La pieza, imponente, representa a un hombre, sentado y en meditación, cuyo cuerpo se compone de letras y caracteres de acero tiradas de ocho alfabetos: árabe, latín, griego, hindi, hebreo, chino, japonés y ruso.
Dom Ruinart, que en los últimos once años, al ritmo de ferias como Basel o Hong Kong, encargó distintas obras a Maarten Baas, India Mahdaví o Erwin Olaf, rendía en este caso “homenaje a Thierry Ruinart (1657-1709), el monje benedictino autor de obras sobre la historia del arte o la inteligencia y transmisión de las santas escrituras”.
Plensa, en un vernissage que tendía más a la ebriedad del cuerpo que a la del alma, explicó que su trabajo profundizaba “en la condición biológica del lenguaje porque, para mí, las letras forman células que permiten ensamblar palabras”.
Pocos días después el marco era más austero: el artista ocupaba, con dibujos y esculturas inéditos, la sala central del museo de arte moderno y contemporáneo de Saint-Etienne.
Según Lóránd Hegyi, historiador del arte y comisario de la exposición, las esculturas, “especialmente creadas para este espacio, sintetizan la producción del artista en los últimos tres a cuatro años, al mismo tiempo que desvelan discretamente su nueva orientación estética”.

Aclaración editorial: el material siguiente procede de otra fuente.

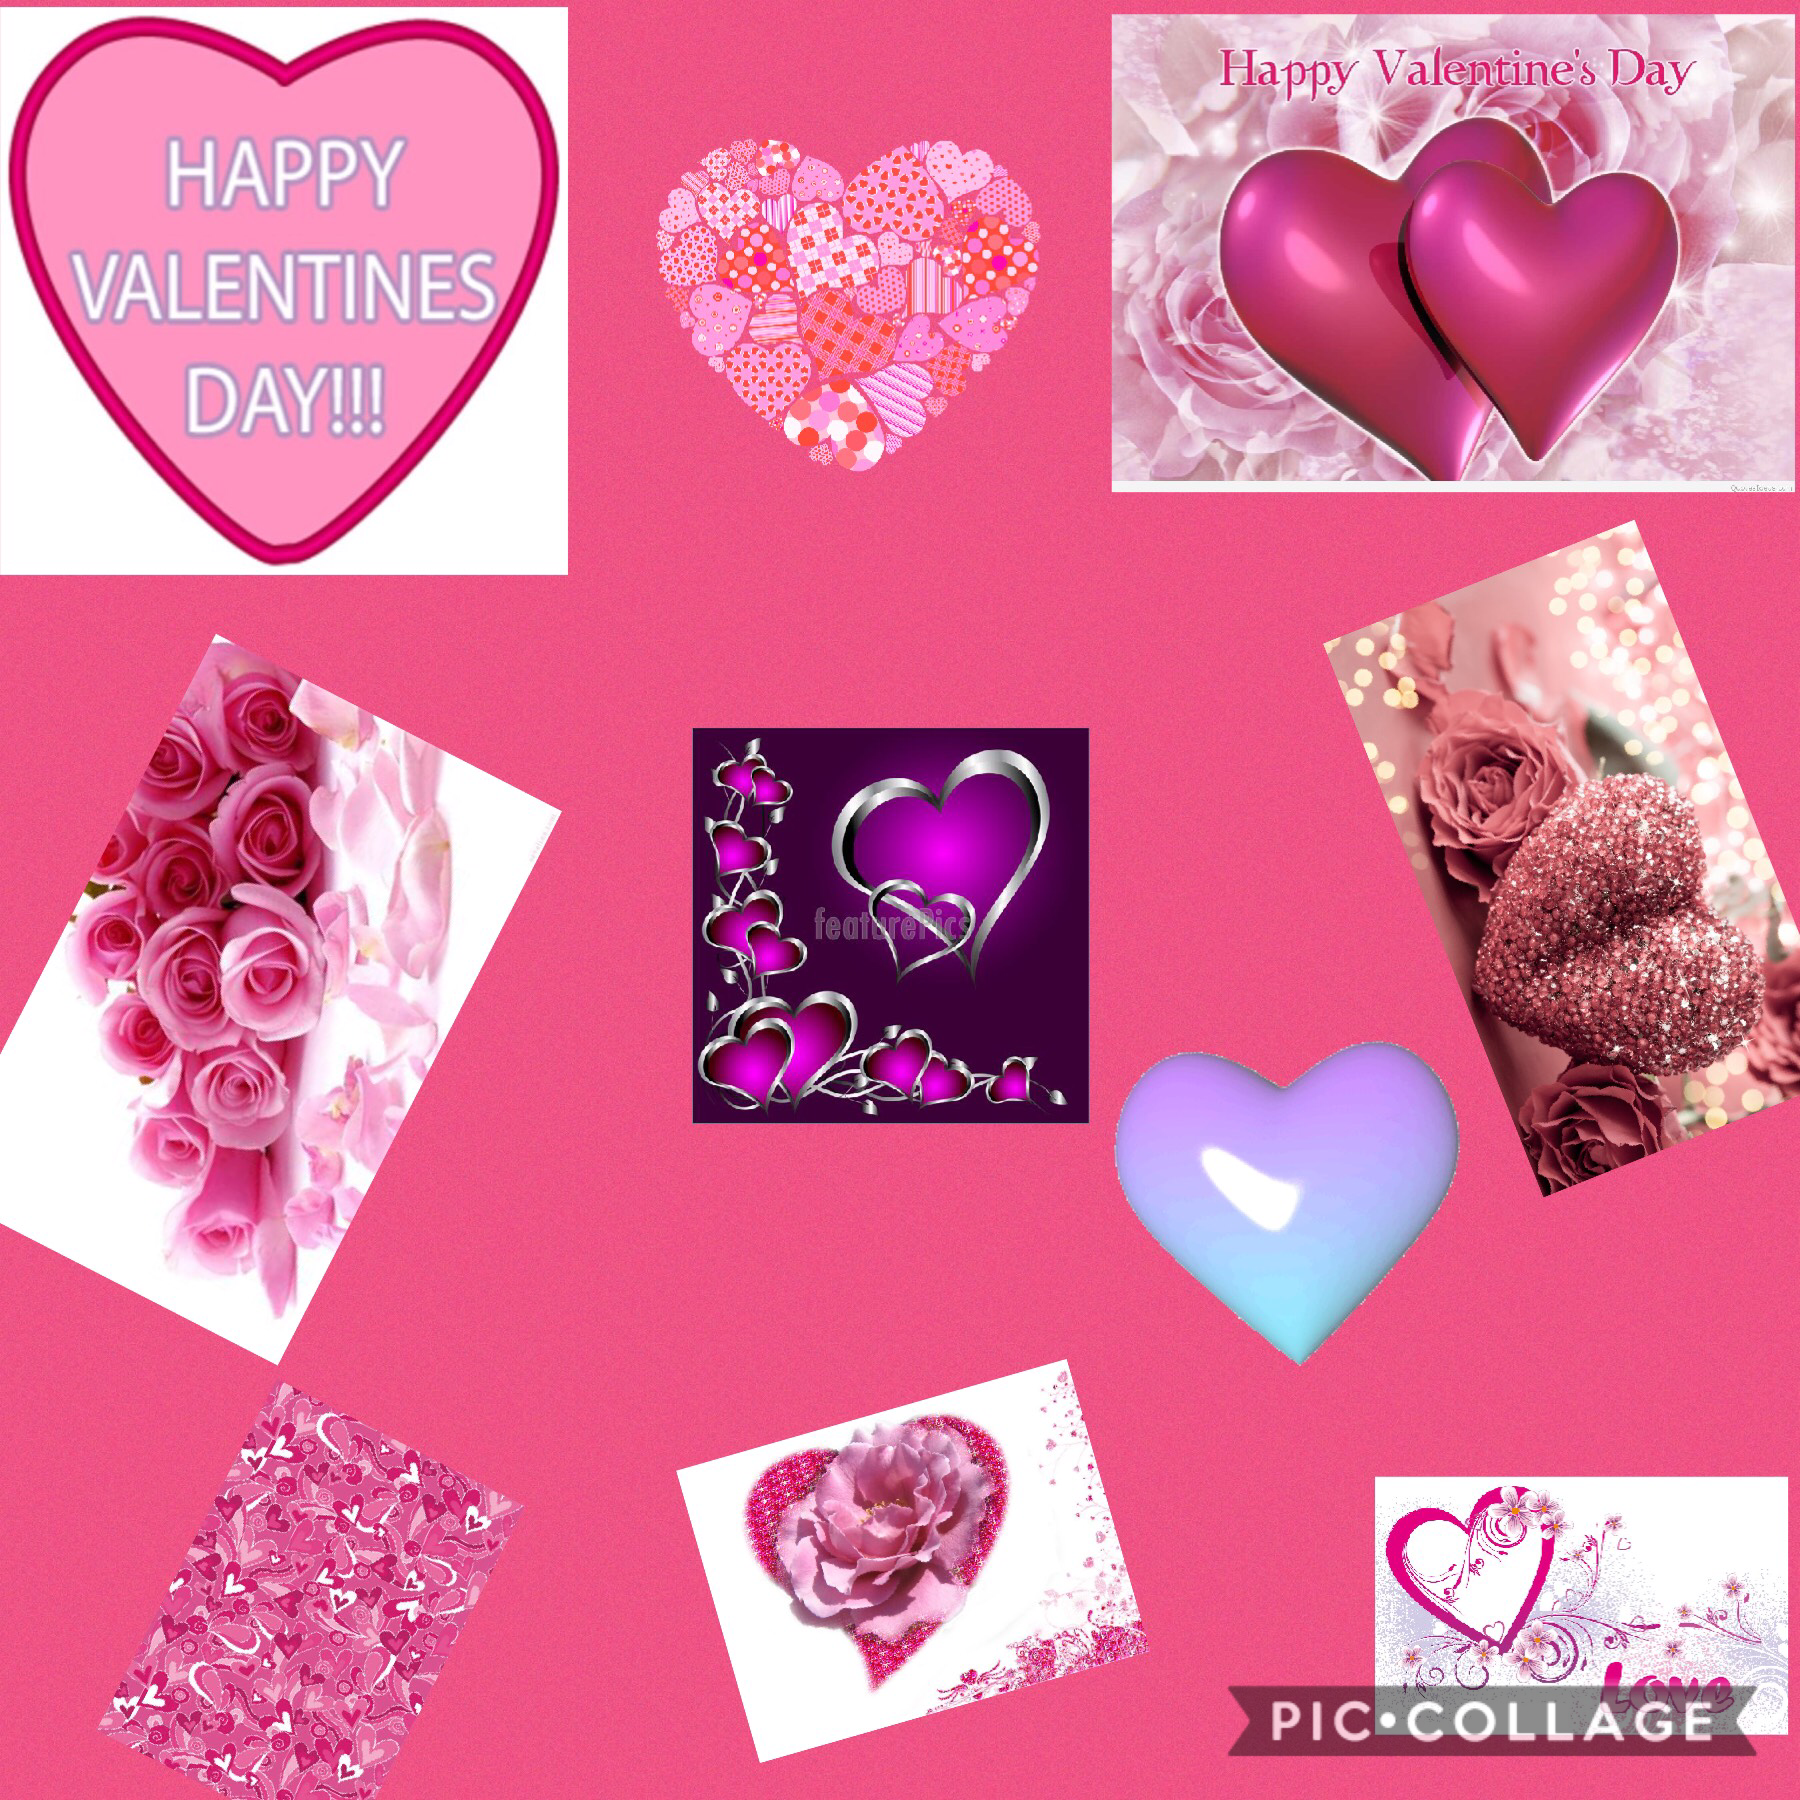 Happy Valentine’s Day

¿La tendencia? “Creo que Plensa se dirige hacia una práctica escultórica más íntima, sutil y poética, que multiplica las posibles interpretaciones”. La gran transformación, de acuerdo con Hegyi, es visible en la muestra de Saint-Etienne. “Radica en que sin renunciar a ese cuestionamiento constante de la obra en marcha, en la práctica, y durante los últimos años, lo que parece imponerse es la carga emocional de sus creaciones”.

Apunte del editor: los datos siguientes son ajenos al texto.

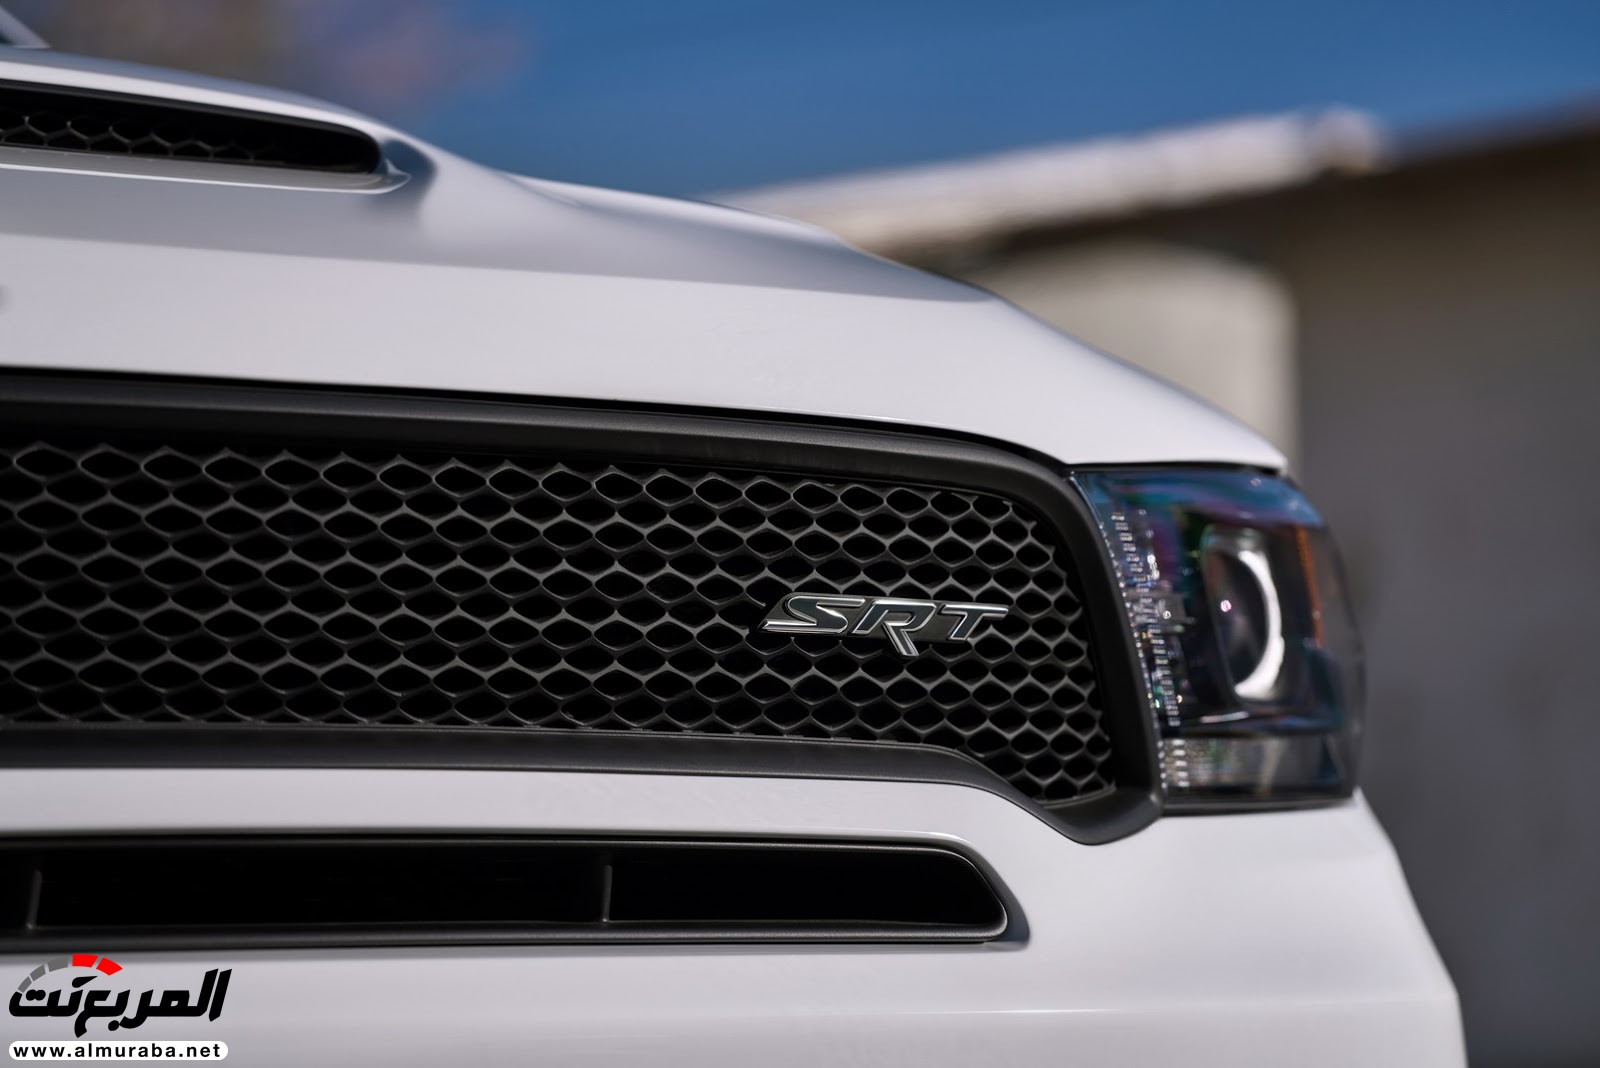 "دودج" دورانجو إس آر تي الجديدة كليا 2018 يكشف عنها بمحرك 475 حصان Dodge Durango SRT 30

Caballero de las Artes desde 1993, Premio Velázquez dos décadas más tarde, Plensa, que también firmó escenografías para la Opera Bastille y para Garnier, forma parte del panorama artístico de Francia desde hace más de un cuarto de siglo.
Pero lo mismo podrían decir en Inglaterra, Berlín, Bruselas o Chicago. Lo paradójico es que de la misma manera en que el individuo Plensa se adapta fácilmente a distintos medios, sus personajes espectaculares son rápidamente adoptados por el paisaje en el que se insertan. Hasta el punto de haber suscitado el gesto de mecenas, para donarlos a la ciudad que amenaza mono cuando termina su exposición y provocó incluso el mecenazgo colectivo en Burdeos y Niza, en ambos casos para conservar una obra suya en espacio céntrico.